He noted that during bubbles, everything (both good and bad investments) gets funded. When these periods of excitement come along, investors have a hard time distinguishing the good ideas from the bad, he said, adding this is “probably happening today” with AI investments.  “Investors have a hard time in the middle of this excitement, distinguishing between the good ideas and the bad ideas,” Bezos said of the AI industry. “And that’s also probably happening today,” he added.

  • A “good” kind of bubble: He explained that during industrial bubbles, excessive funding flows to both good and bad ideas, making it hard for investors to distinguish between them. However, the influx of capital spurs significant innovation and infrastructure development that ultimately benefits society once the bubble bursts and the strongest companies survive.

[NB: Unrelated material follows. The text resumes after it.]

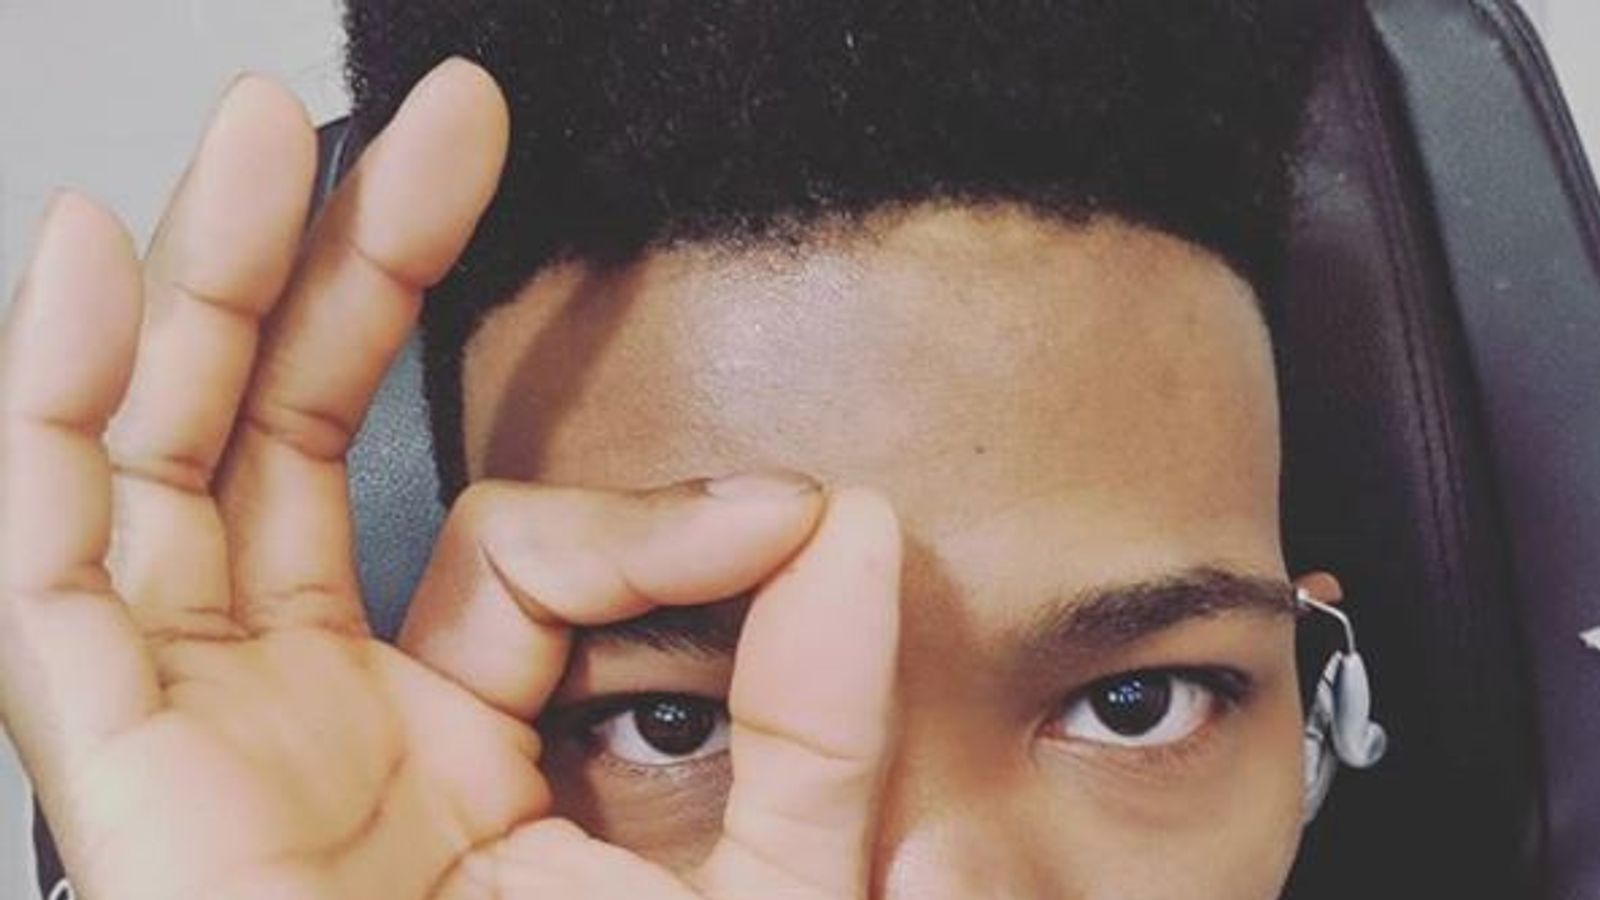 'It was a fun life': YouTube star Etika found dead after final video

  • Echoes of the dot-com era: Bezos drew a parallel to the dot-com boom of the 1990s, where many internet companies failed, but the underlying infrastructure—like fiber-optic cable—endured and led to the creation of companies like Amazon.
  • Gigantic benefits: Despite the market frothiness, Bezos reiterated that AI is “real” and its benefits to society “are going to be gigantic.”
Bezos is not the only high-profile figure to express caution about the AI boom:
  • Sam Altman (OpenAI): The CEO of OpenAI has stated that he believes “investors as a whole are overexcited about AI.” In In August, the OpenAI CEO told reporters the AI market was in a bubble. When bubbles happen, “smart people get overexcited about a kernel of truth,” Altman warned, drawing parallels with the dot-com boom. Still, he said his personal belief is “on the whole, this would be a huge net win for the economy.”
  • David Solomon (Goldman Sachs): Also speaking at Italian Tech Week, the Goldman Sachs CEO warned that a lot of capital deployed in AI would not deliver returns and that a market “drawdown” could occur.
  • Mark Zuckerberg (Meta): Zuckerberg has also acknowledged that an AI bubble exists. The Meta CEO acknowledged that the rapid development of and surging investments in AI stands to form a bubble, potentially outpacing practical productivity and returns and risking a market crash.  However, he would rather “misspend a couple hundred billion dollars” on AI development than be late to the technology.
  • Morgan Stanley Wealth Management’s chief investment officer, Lisa Shalett, warned that the AI stock boom was showing “cracks” and was likely closer to its end than its beginning. The firm cited concerns over negative free cash flow growth among major AI players and increasing speculative investment. Shalett highlighted that free cash flow growth for the major cloud providers, or “hyperscalers,” has turned negative. This is viewed as a key signal of the AI capital expenditure cycle’s maturity. Some analysts estimate this growth could shrink by about 16% over the next year.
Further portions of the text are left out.